__WHAT IS BEING ASKED__: What you return should be every line below, word for word, and none of the images.

__GIVEN MATERIAL__:
*** Block opens ***

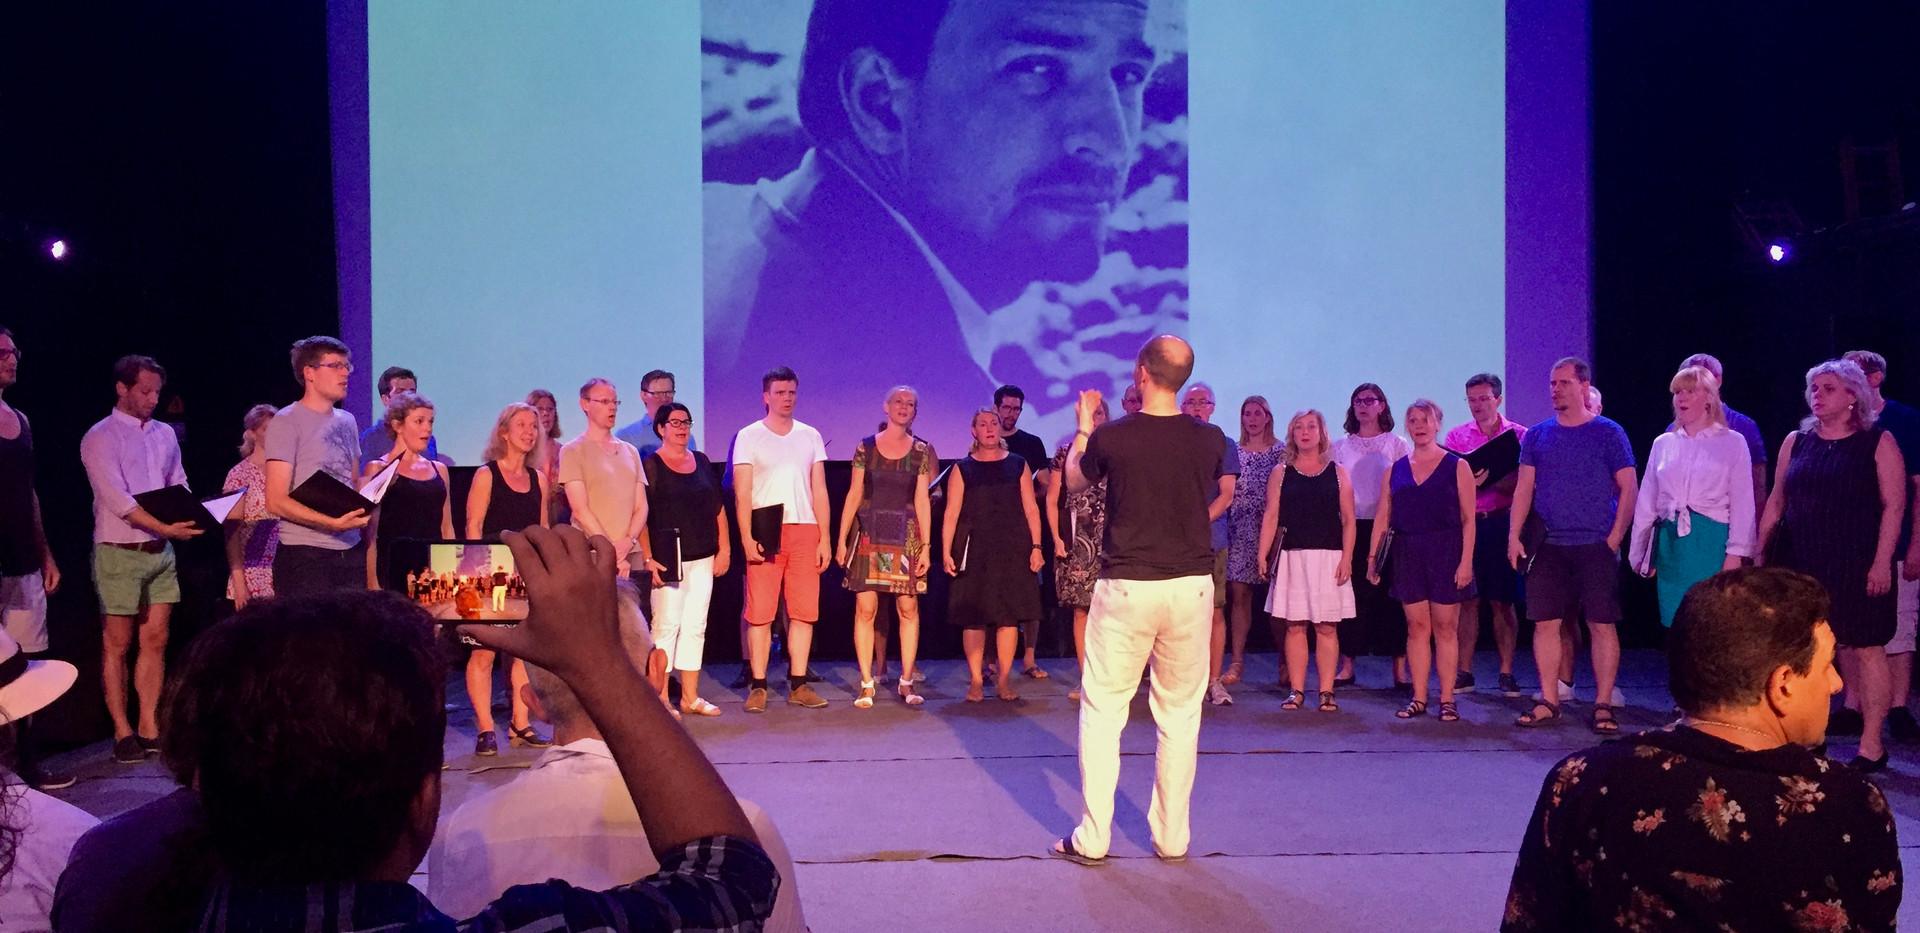 Flashmob-konsert på La Fábrica de Arte Cubano, Kuba
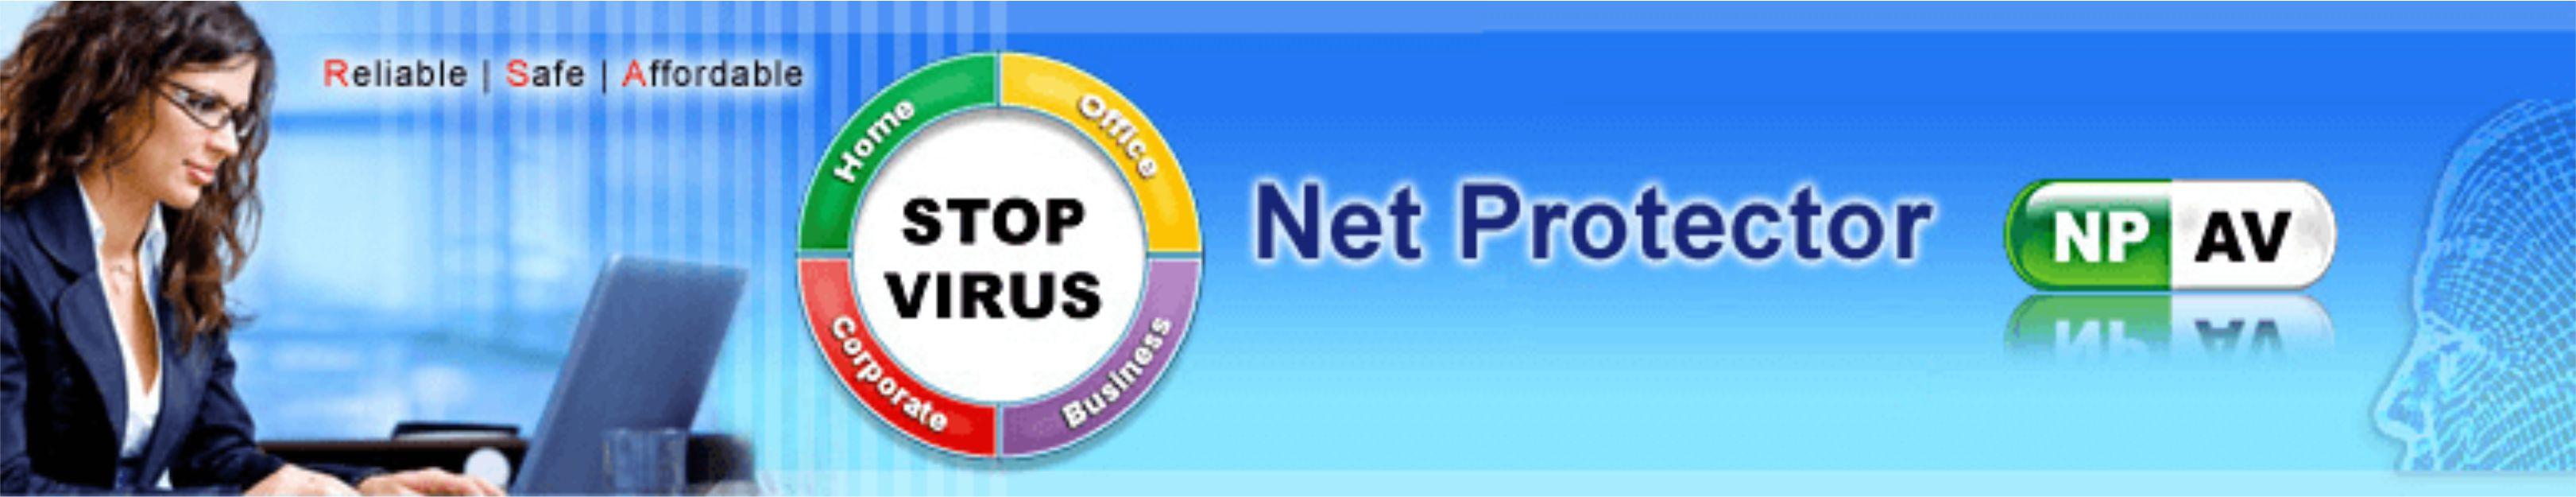 Net Protector Antivirus :: www.indiaantivirus.com
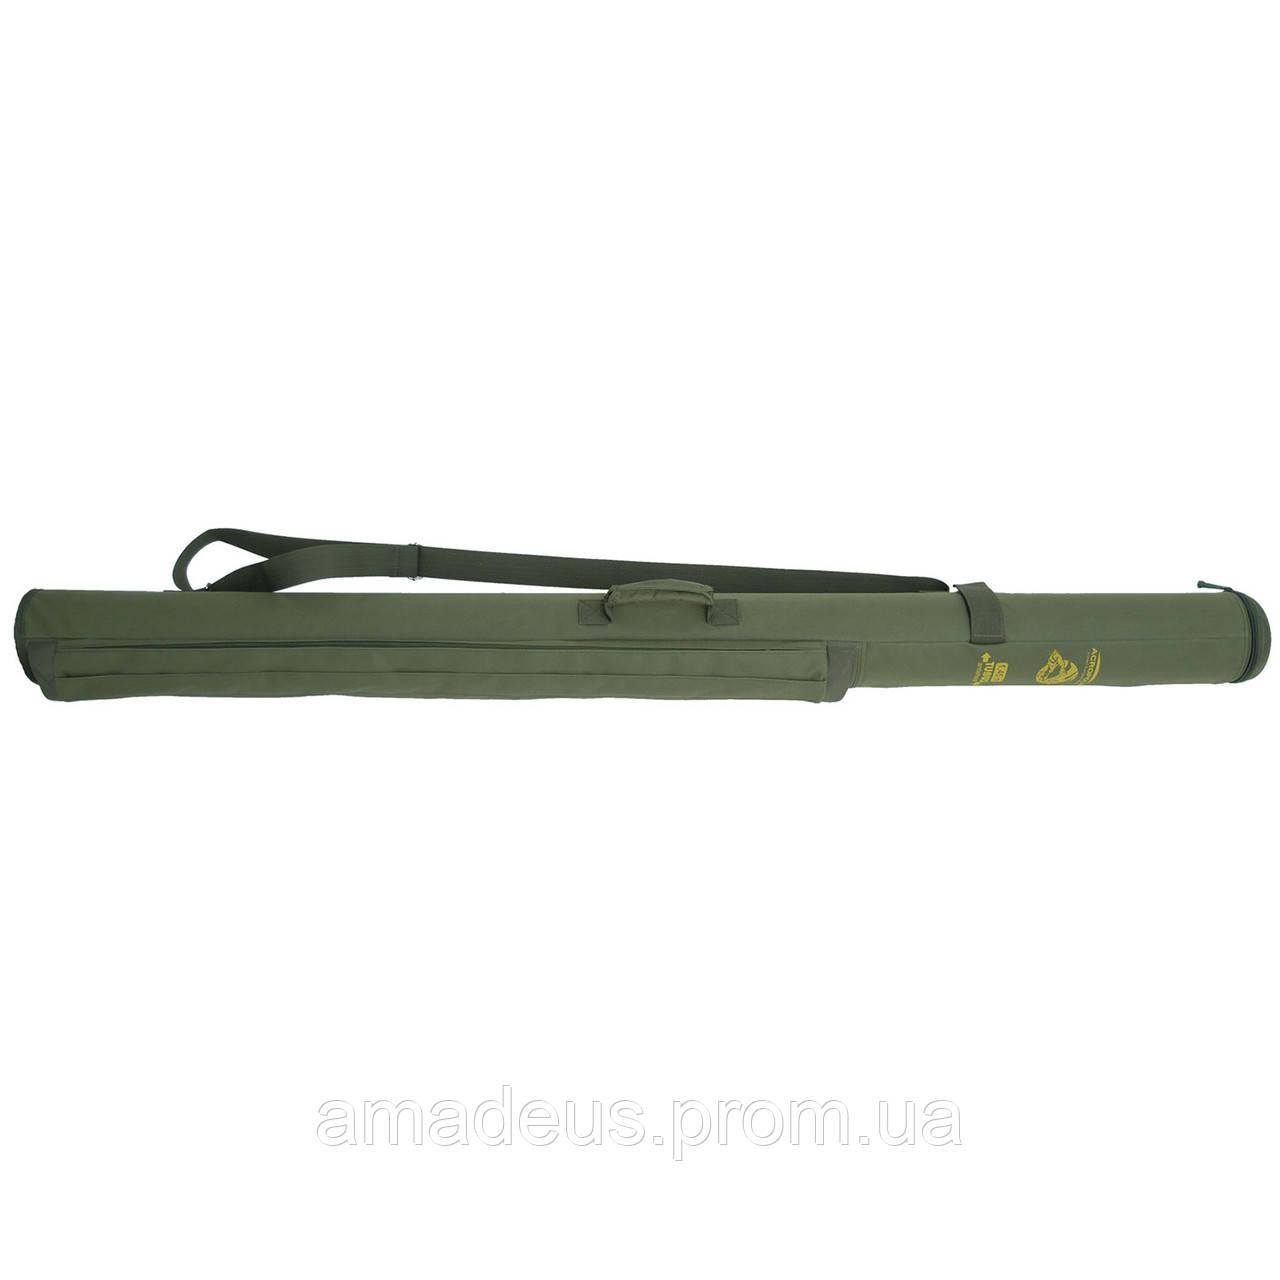 Жесткий тубус для спиннингов и удилищ (160 см) КВ-16а

*** Block closes ***

__RESPONSE TO THE TASK__:
 Flashmob-konsert på La Fábrica de Arte Cubano, Kuba
 Net Protector Antivirus :: www.indiaantivirus.com
 Жесткий тубус для спиннингов и удилищ (160 см) КВ-16а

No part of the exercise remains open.